One of those who was helped by Nechama in 2008 during a flood in Minnesota, Dan Hoeft, said he was so impressed that a Jewish organization “rolled into town one day to help, and there were no Jews there. They say they were there to help whoever needed help.”
He was so impressed that he joined the group as its operations manager.
“I’m not Jewish, but I am comfortable being with them because of their belief in tikkun olam [repair of the world],” he said. “That’s why so many Jews and non-Jews work with us because they agree with what we are doing, we have no hidden agendas.”
Homeowners in the affected areas and volunteers can contact them through their website, www.nechama.org.
“None of our services cost a single penny,” Ballner said. “We provide all the tools and equipment, and 90 percent of the work is done by volunteers.”
Nechama volunteers work on homes owned by Jews and non-Jews alike.
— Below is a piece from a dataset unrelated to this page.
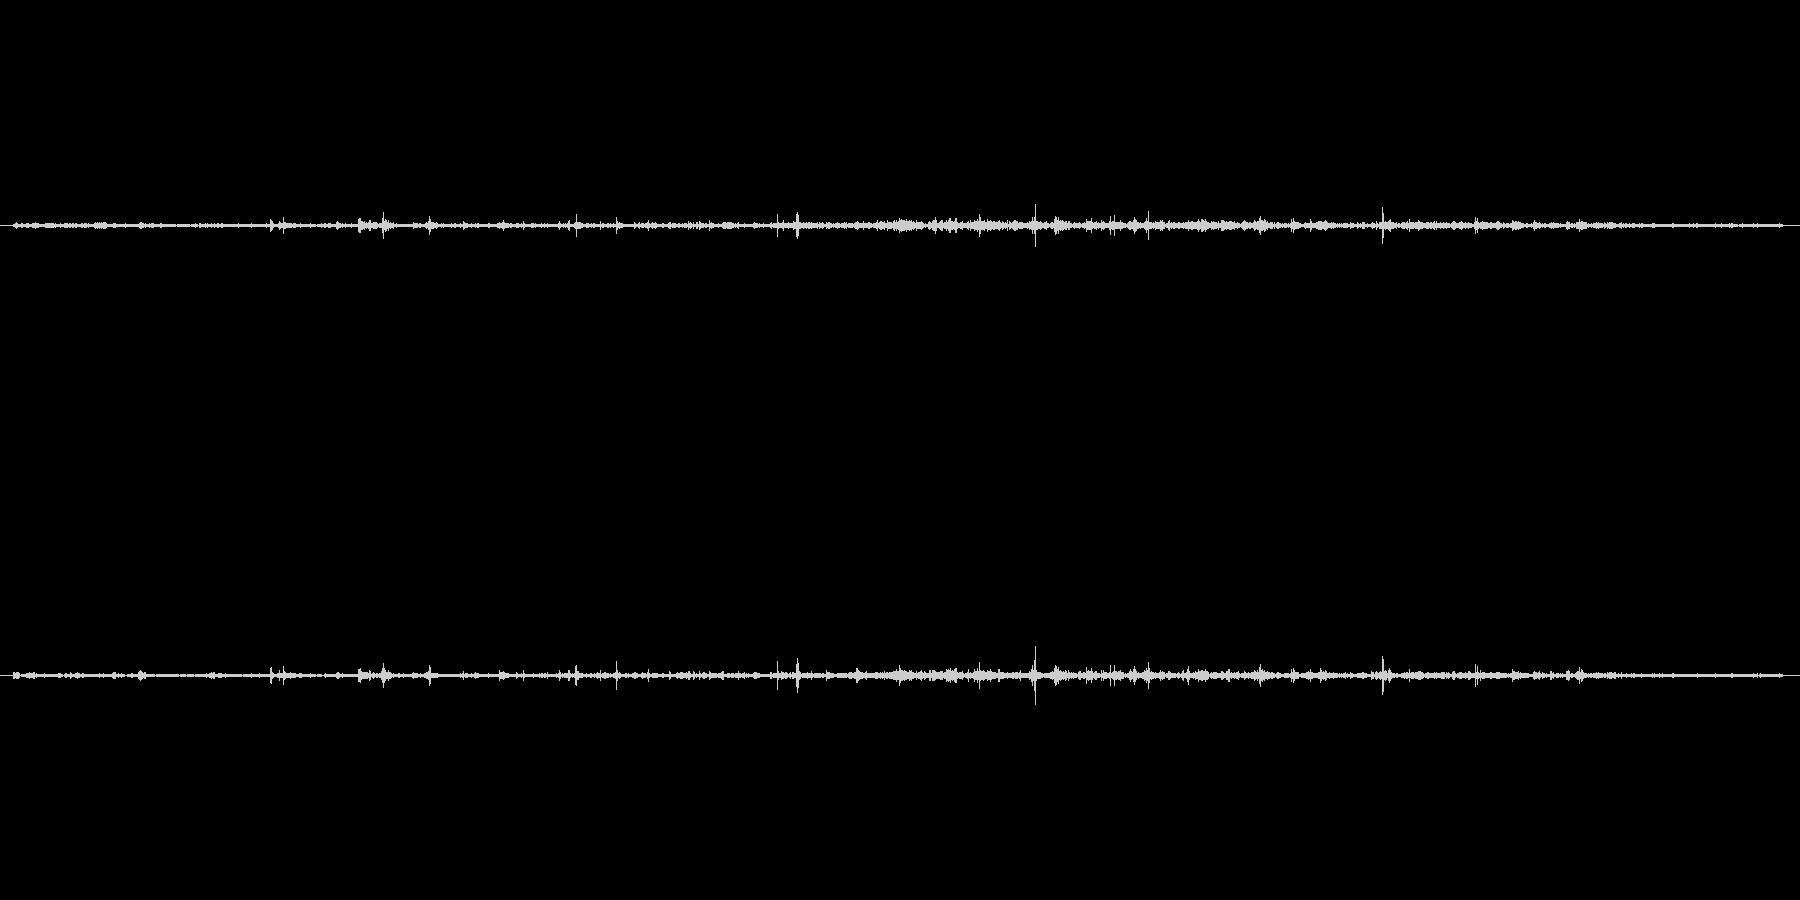 【生音】水の落ちる音(ちょろろーー) …の未再生の波形
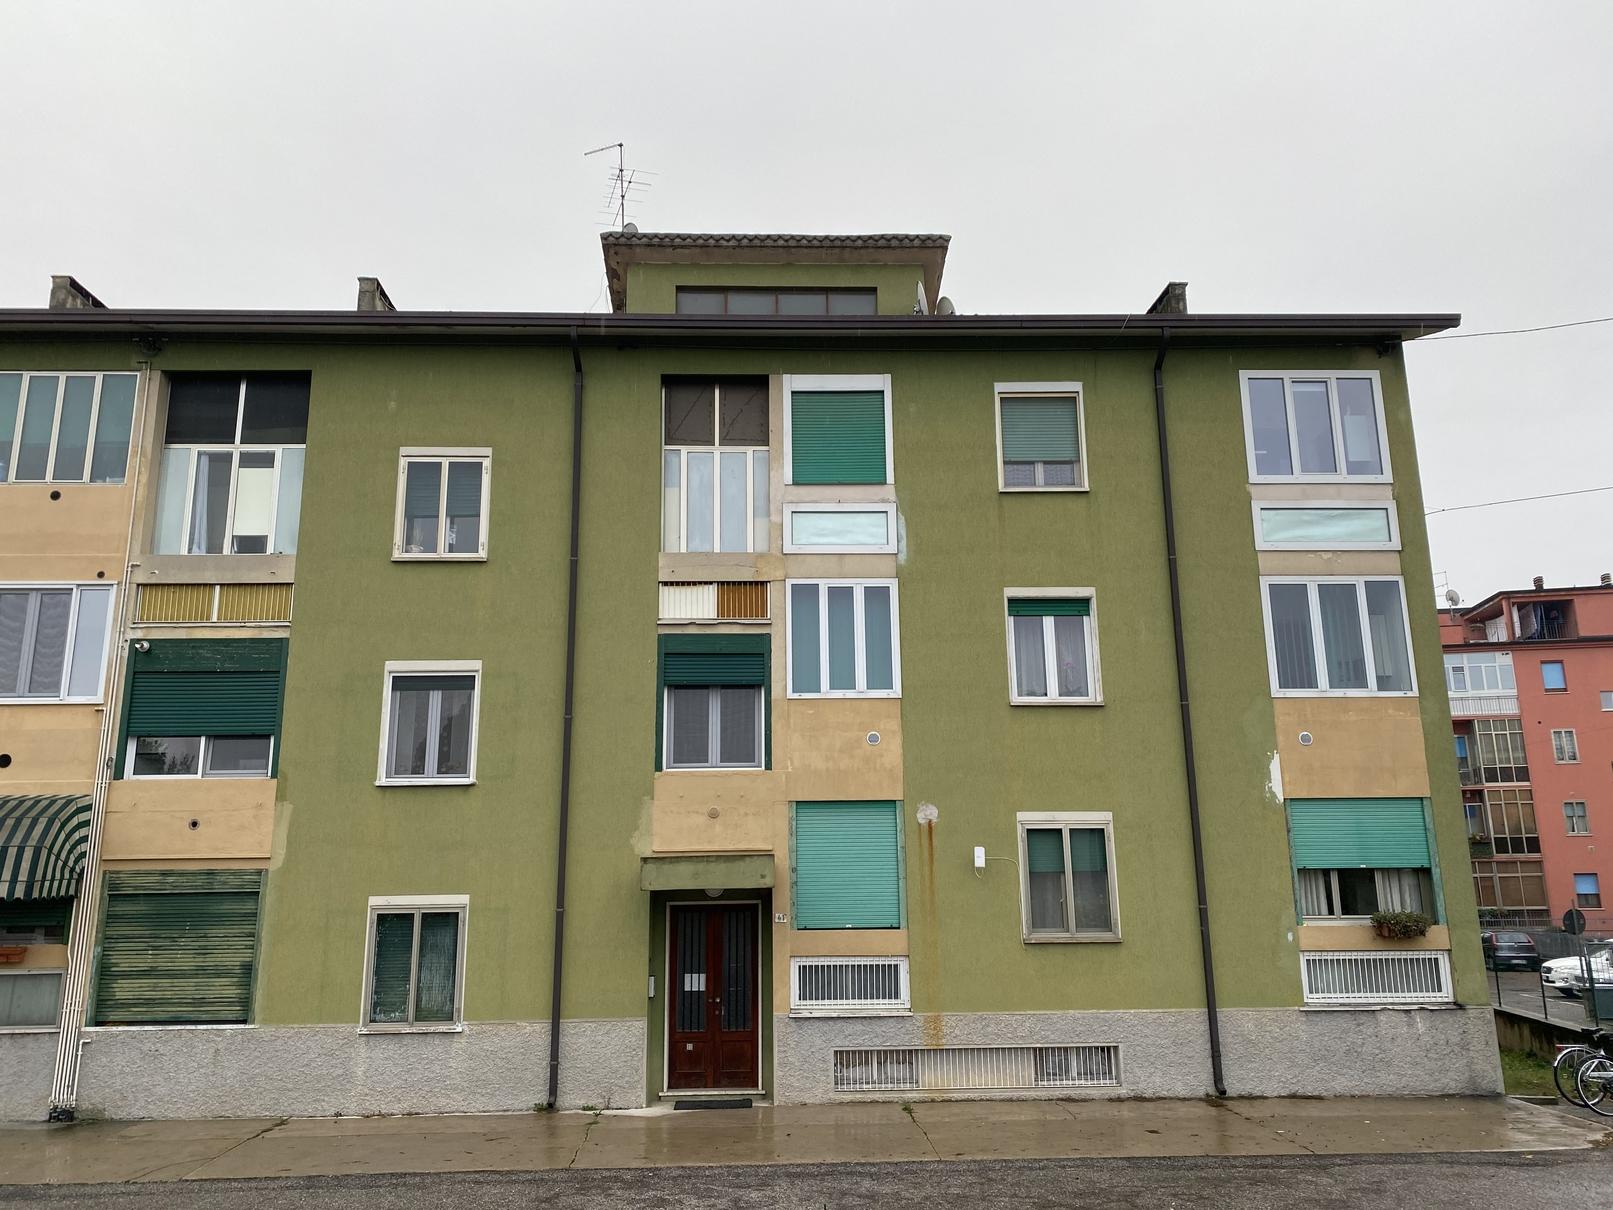 Appartamento Ultimo Piano In Vendita A Villafranca Di Verona Via Grezzano La Corte Immobiliare Srl

Sally Jackson, who said she is a black Hebrew Christian from Freeport, called Nechama after learning about it from the Freeport mayor’s office.
Although her apartment building did not flood, she said her garage space did and that she had stored new furniture, photos and other personal belongings there because she was planning to move.
“Six of their volunteers came and cleaned it out because it was quite a mess,” she said. “They were fast and efficient and took it all to a dumpster. I almost fainted when they finished because you could eat off the floor. It was awesome.”